Besides writing about recovery from a brain injury, the author recalls years of litigation with the college, as well as rethinking his friendship with Mark, who he hadn’t spoken to since the shooting. Was attention-seeking Mark really that good a friend? Why did he make “jokes” at Paul’s expense that weren’t funny and sometimes hurtful? The friendship was over, but with therapy Paul learned to keep Mark from living in his head.
Thanks to Paul’s stalwart mother and his girlfriend, as well as physical and psychological therapy, Paul was living on his own and working a year after the shooting. His amazing journey is so well-written a reader feels his pain from the moment he woke on the floor after being shot, covered in blood.

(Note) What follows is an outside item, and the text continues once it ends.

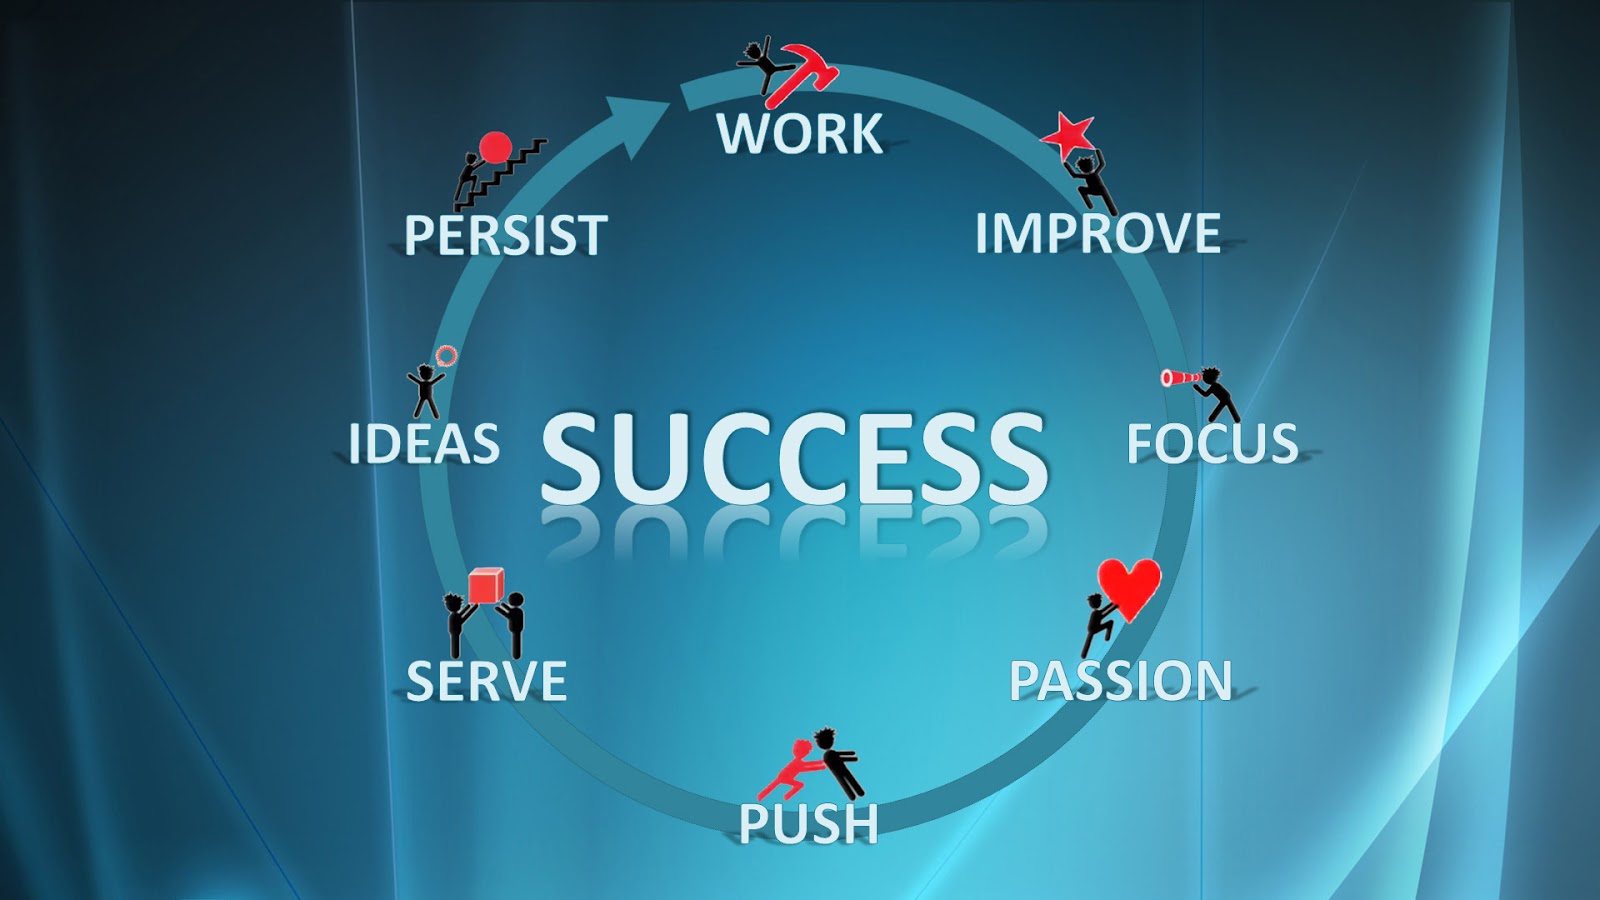 Mjasiriamali-The Entrepreneur: SUCCESS SECRETS

“I Hope I Get Well: A Memoir of Bipolar Disorder”: by Adam Gerhardstein (Luminare Press, $13.95)
It was September 2022 in St. Paul and Adam Gerhardstein was a full-time lead teacher who had “turned into an irritable, short-tempered jerk.” His bipolar disorder was ramping up again.
Gerhardstein had first been diagnosed as a college student in Ohio after he stopped sleeping for six days and wound up lashed to a bed in a psych ward. For two years bipolar disorder dominated his life. Working his way back to stability, he left his hometown and was hired as a Montessori teacher in St. Paul. Thanks to his wife, friends and a super therapist, he finds a new way of being bipolar.